Each year, Air Force Global Strike Command randomly selects an operational missile from the field to test the safety and reliability of the nation’s ICBM weapon systems. The Air Force Global Strike Command Minuteman III Operational Test Launch exercise, known as a Glory Trip, is an operational test launch which continues a long history of launches from Vandenberg Air Force Base, California, and is used to verify, validate and improve the capability of the nation’s ICBM force.

Two Missileers from the Mighty Ninety were chosen to participate in Glory Trip 239 at Vandenberg from June 5 to Aug. 13, 2021, and one of those chosen is Lt. Keeshia McDonald.

McDonald echoes the sentiment of many who came before her in the honor for being chosen.

“It’s a dream TDY for a Missileer and a once in a lifetime opportunity where we’re able to be present for the missile build up, interact with maintenance personnel and see firsthand how much work gets put in at a Launch Facility,” said McDonald. “Obviously we’re all excited for the big firework show at the end, and to actually turn keys/switches and launch an ICBM. I’ll forever be grateful for this opportunity.”

Her road to GT-239 is one rooted in service, even if that service was once in a different uniform. However, like many who raise their right hand and join the military, she comes from a line of uniformed service.

“As I reached my early 20s, I felt a pull to become part of something that gives back and knew if I didn’t jump and give the military a shot, I’d regret it for the rest of my life,” said McDonald. “So, I enlisted in the Marine Corps for 5 years, I’ve been with the Air Force a little over 2 years now and plan to stay for as long as the military will have me.”

Though she might not have become a Missileer if not for blind chance and the needs of the service, she carries a deep sense of pride in carrying the title of 13N.
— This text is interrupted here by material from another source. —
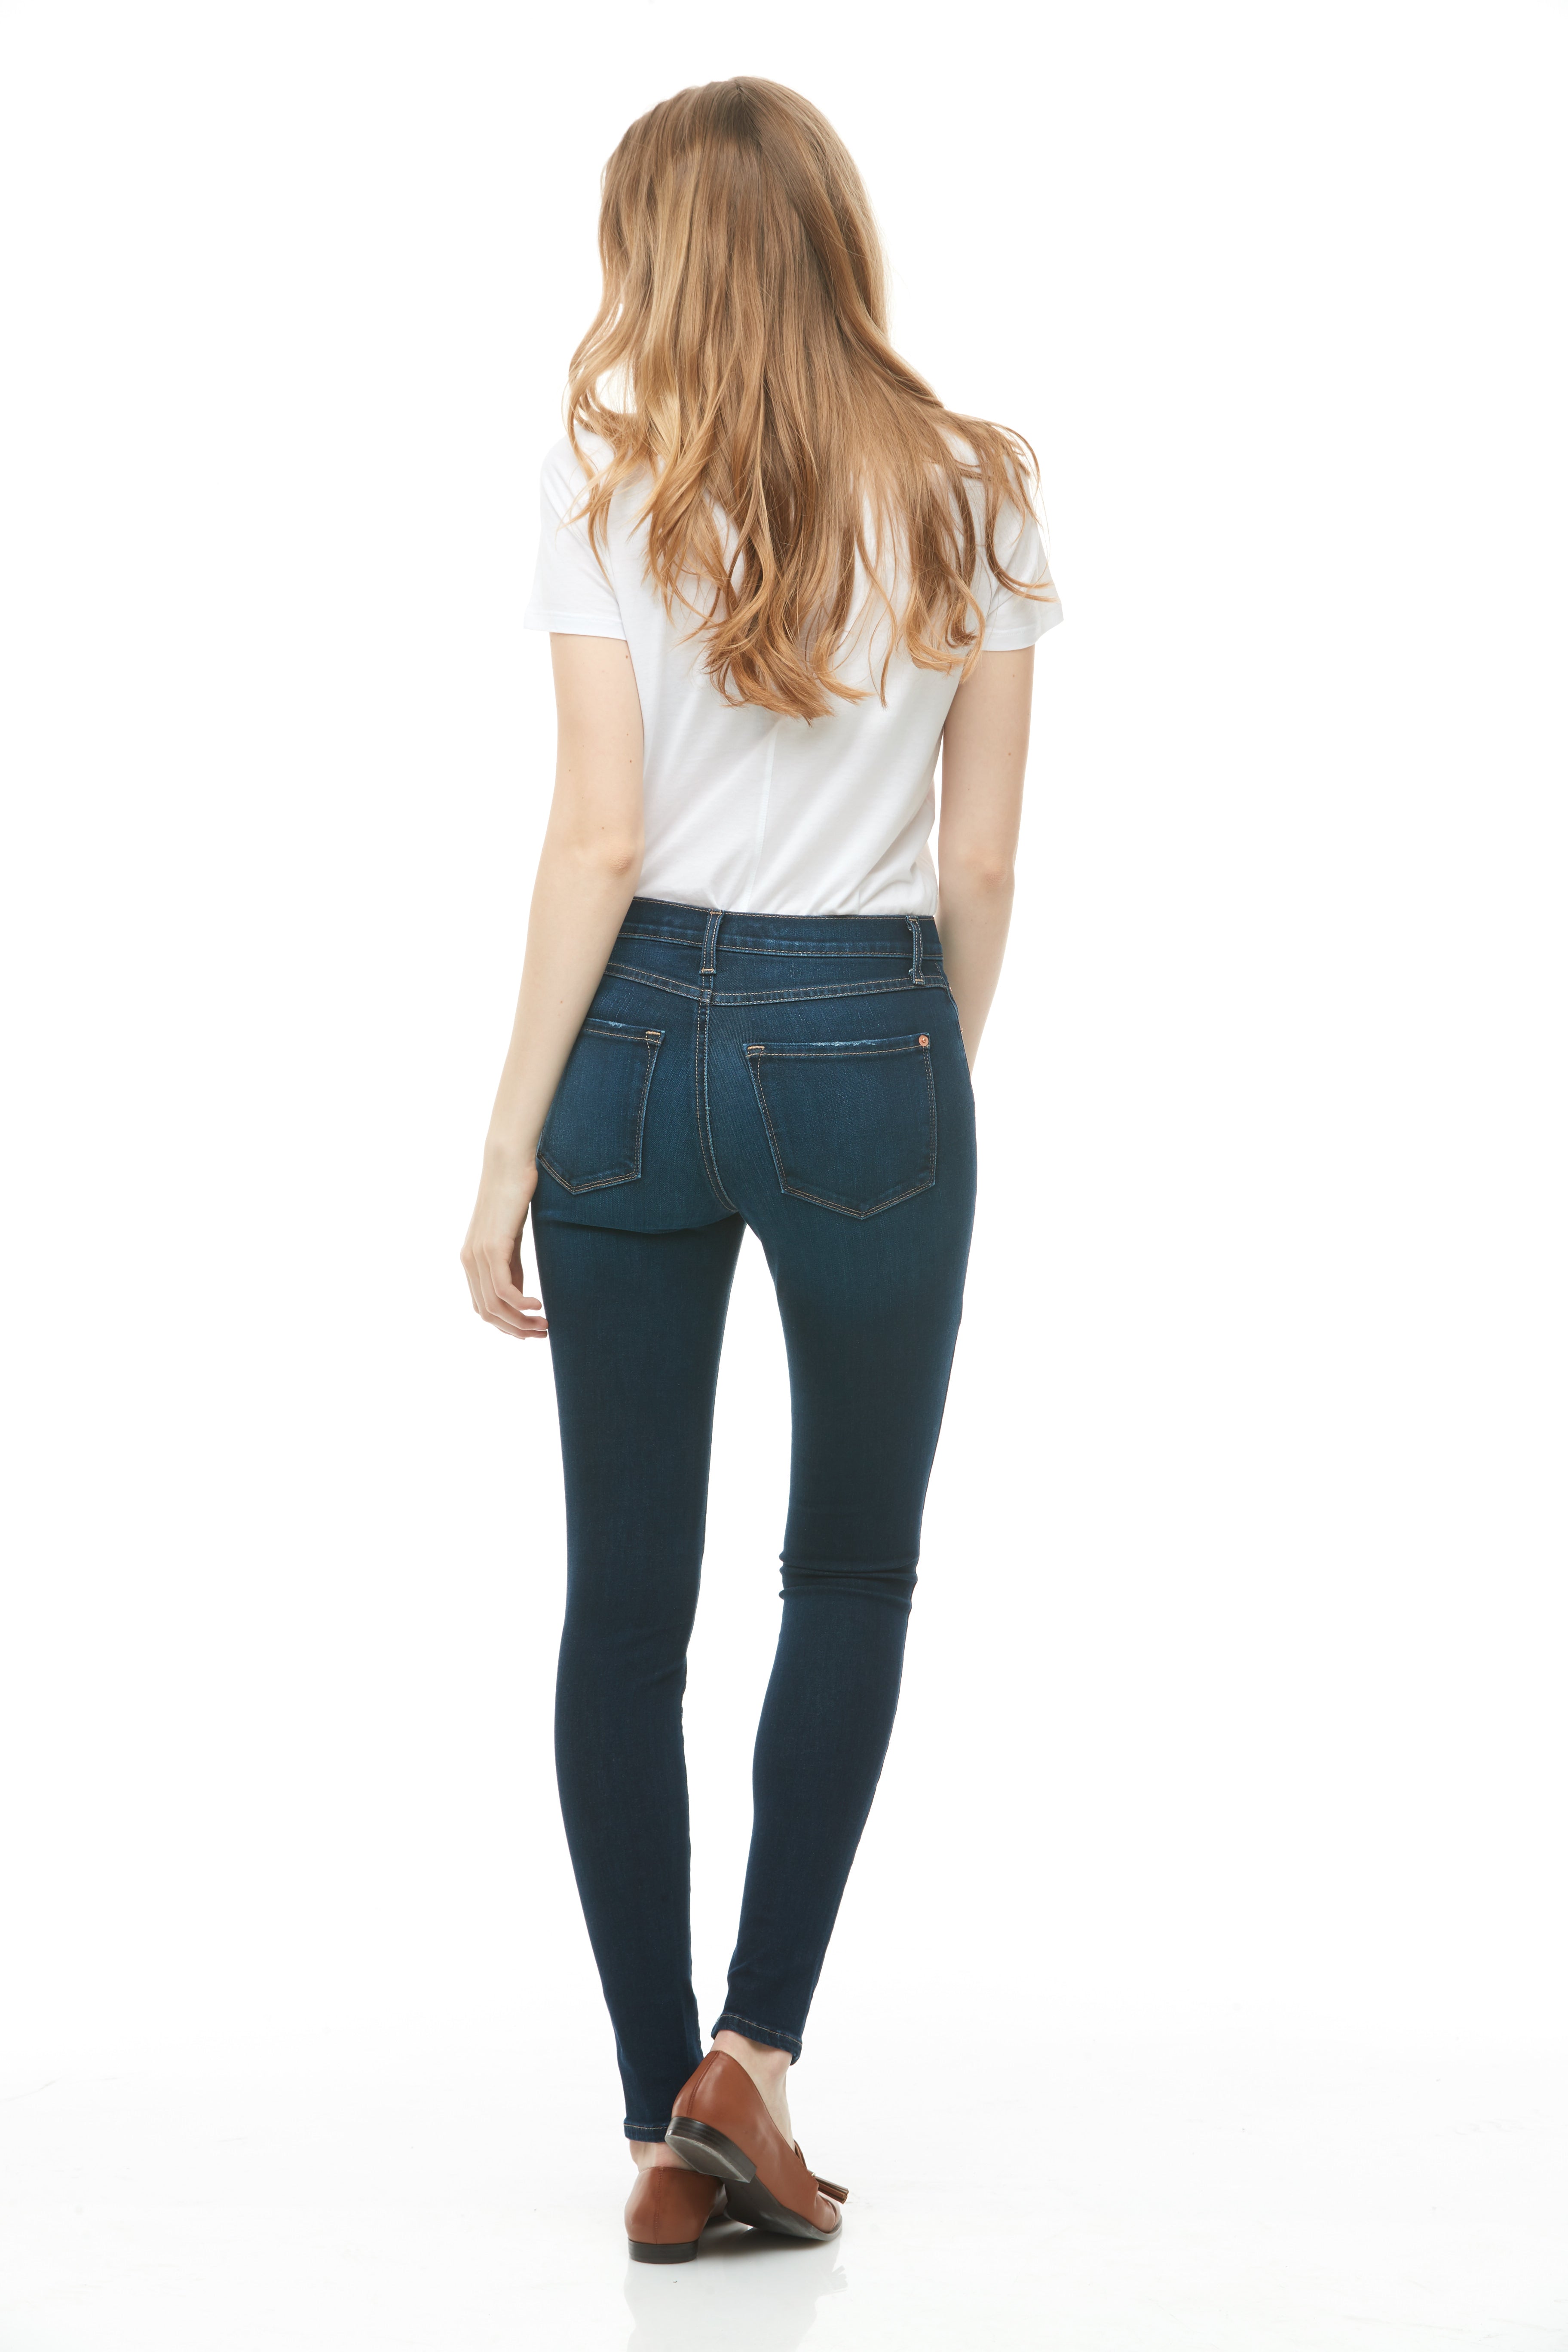 1951-R30 (Skinny jeans with 30 inch inseam)  Super fit!

“I chose ‘needs of the Air Force’ and Missiles chose me, but whatever factors went into my 13N assignment, I’m grateful for because it’s been a perfect match, said McDonald. “I am incredibly grateful and proud to be a Missileer. Every career field has its own heritage and tradition but there’s a certain uniqueness to this one that I feel connected to, where Missileers have been performing this duty 24 hours a day, 7 days a week, 365 days of each and every year for over half a century and it’s humbling to think that I am now a small part of that legacy.”

Though she is driven and focused on her role and what that role means to national security, she ensures that her occupation isn’t her entire life.

“Missileers are required to be away from home to perform our alert duties and that means regularly leaving our families behind. While it’s not Afghanistan, it’s still separation and when you add additional duties on top of that, the work time adds up quickly,” said McDonald. “Luckily, my husband understands the mission and has always been very supportive and flexible of my career requirements, and when I am home, I’m allotted a certain number of recovery days to upkeep a healthy personal life – it’s not all work.”

The struggles of the job, though taxing, are lessened through love of family.

“My husband, Cody Rapol, and I are pretty active people, and we love to explore and try to get out and hike as often as we can,” said McDonald. “Family means the world to me and I’m lucky I get to share my day-to-day with someone incredible and I also have family back home that I talk with regularly.”

With her unique background, she offers a recommendation for those who may be struggling with their military service.

“If the excitement and novelty wears off and the military day-to-day becomes difficult or mundane to you, remember to take a step back and remind yourself why you decided to serve,” said McDonald. “This is not a normal job and we are not average people – we are a small percentage of the population who at some point dedicated ourselves to service, so reflect on your personal reasons, be proud, stay motivated, motivate those around you and always, always, always act with integrity.”

And to those who might question the value of what Missileers and the missile wings do every day, McDonald has strong opinions on the importance of Global Strike Command.

“The AFGSC mission is to provide strategic deterrence, global strike and combat support,” said McDonald. “I think that speaks for itself.”